--- Available data Enclosed Below ---

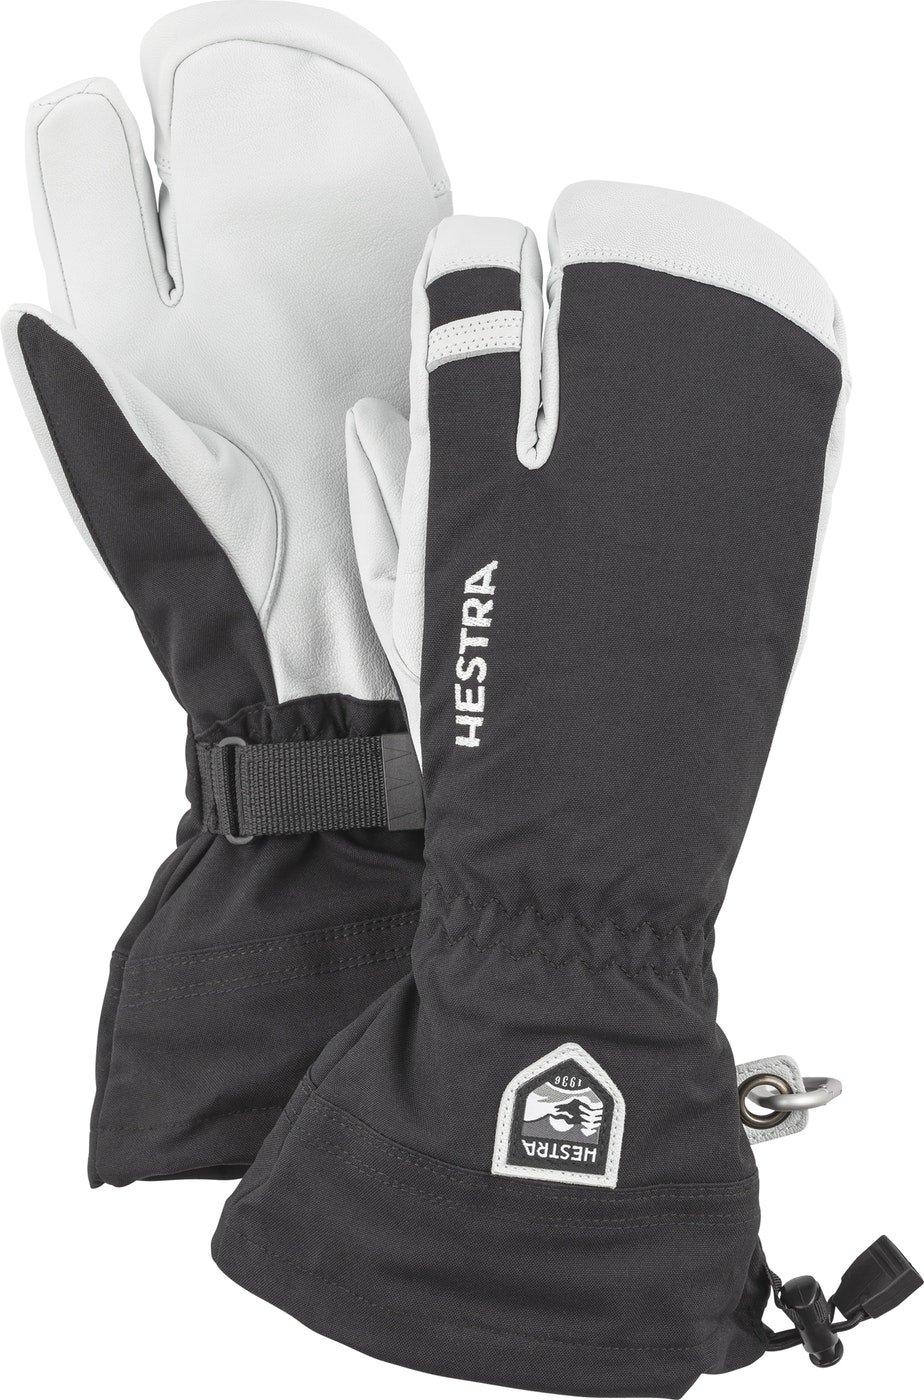 Hestra Army Leather Heli 3-Finger Ski Gloves - Black
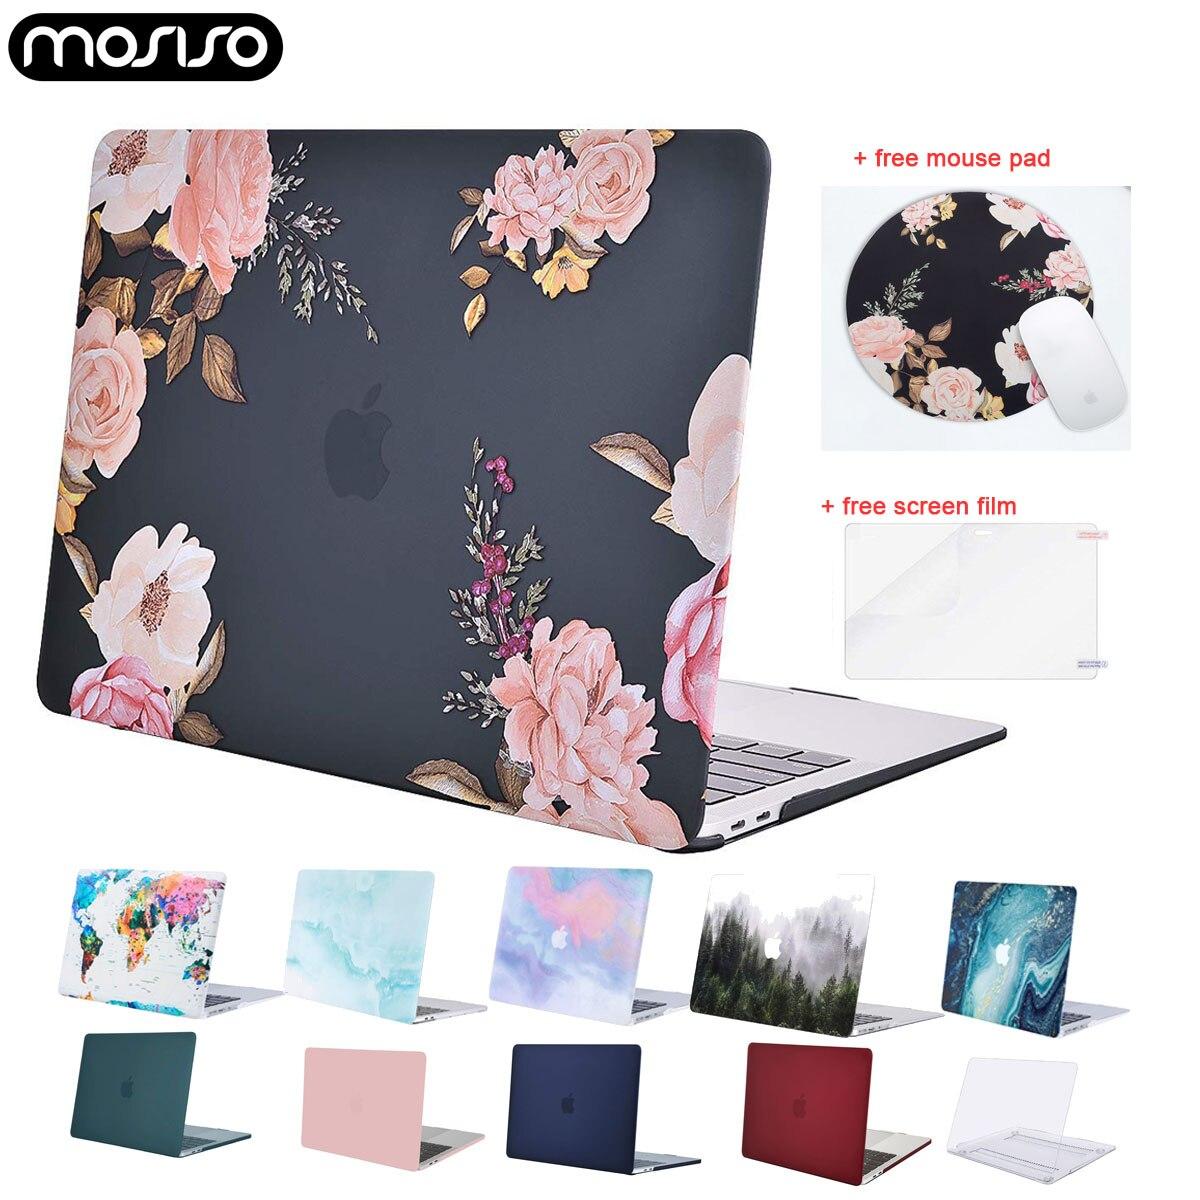 MOSISO Laptop Hard Case For Macbook Air Retina Pro 13 15 Touch Bar A1706 A1989 A2159 A1708 A1932 2019 New Mac Air 13 Case Cover
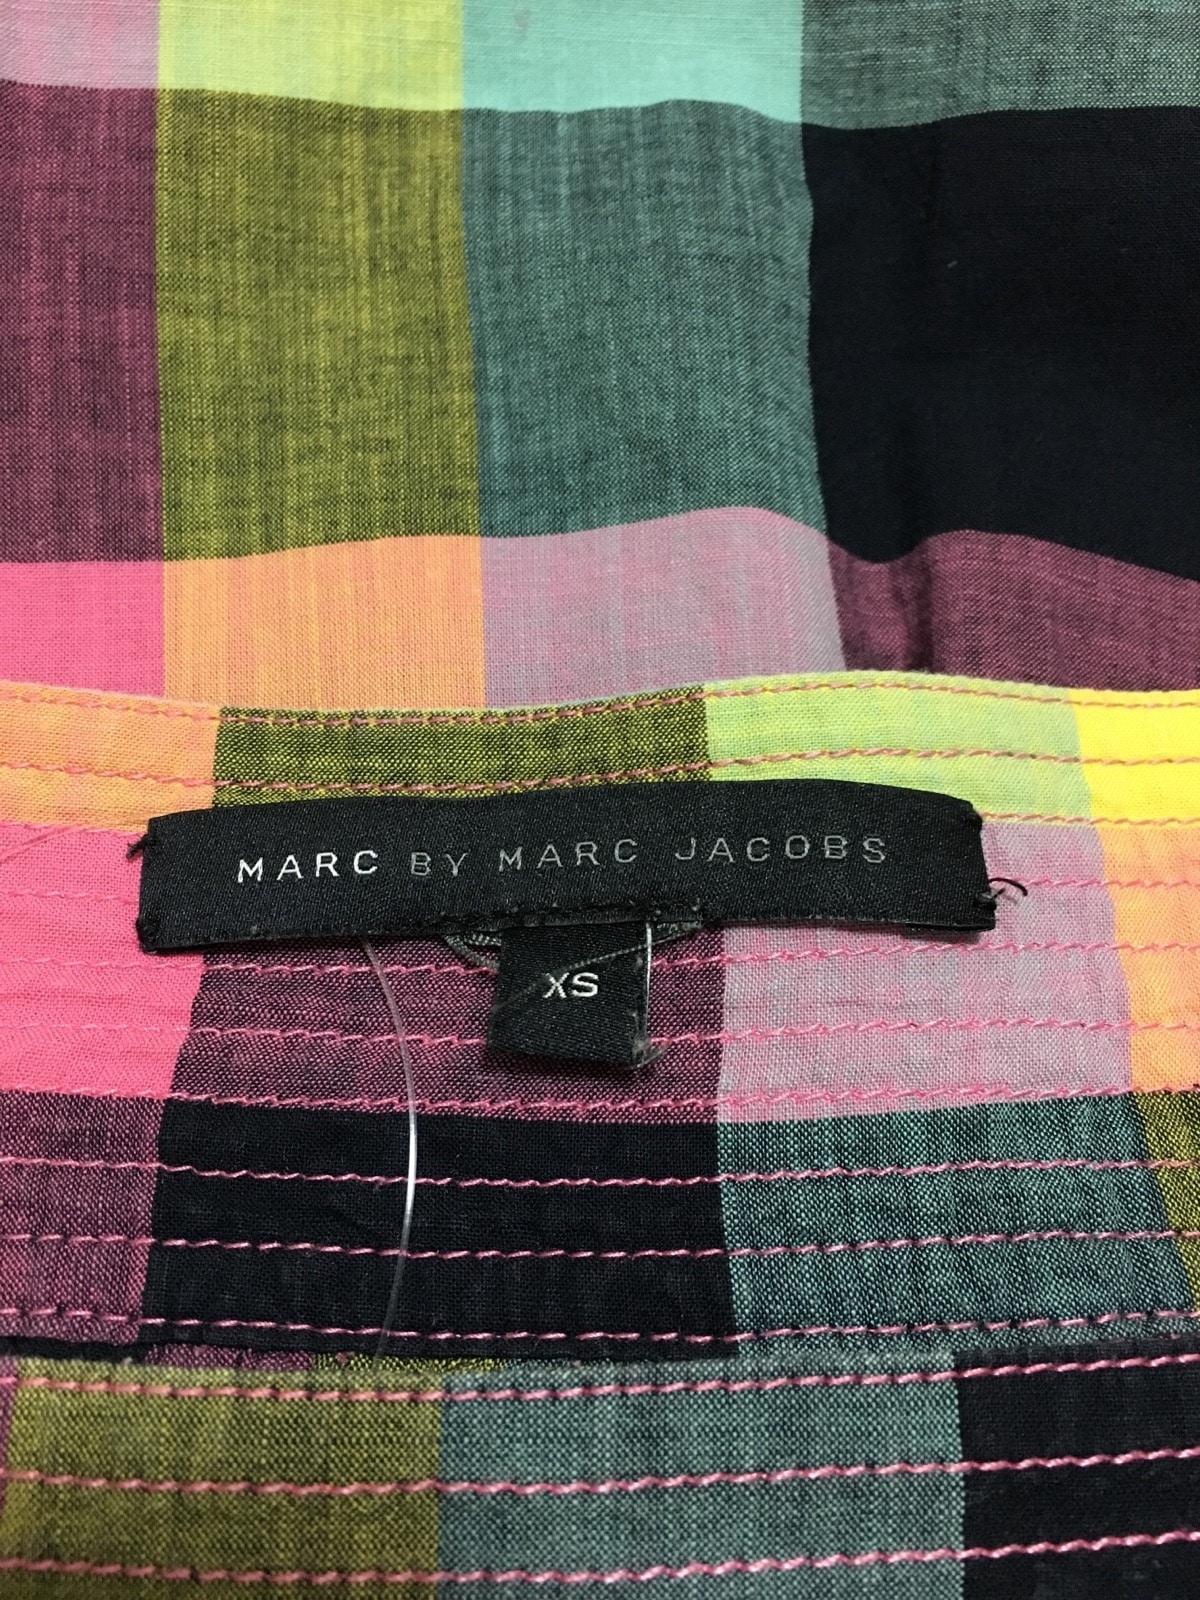 MARC BY MARC JACOBS(マークバイマークジェイコブス)のチュニック

--- End of Enclosed Available data ---

● **Your objective**
An exact copy of the listing is needed, minus its pictures.

● **Answer**
 Hestra Army Leather Heli 3-Finger Ski Gloves - Black
 MOSISO Laptop Hard Case For Macbook Air Retina Pro 13 15 Touch Bar A1706 A1989 A2159 A1708 A1932 2019 New Mac Air 13 Case Cover
 MARC BY MARC JACOBS(マークバイマークジェイコブス)のチュニック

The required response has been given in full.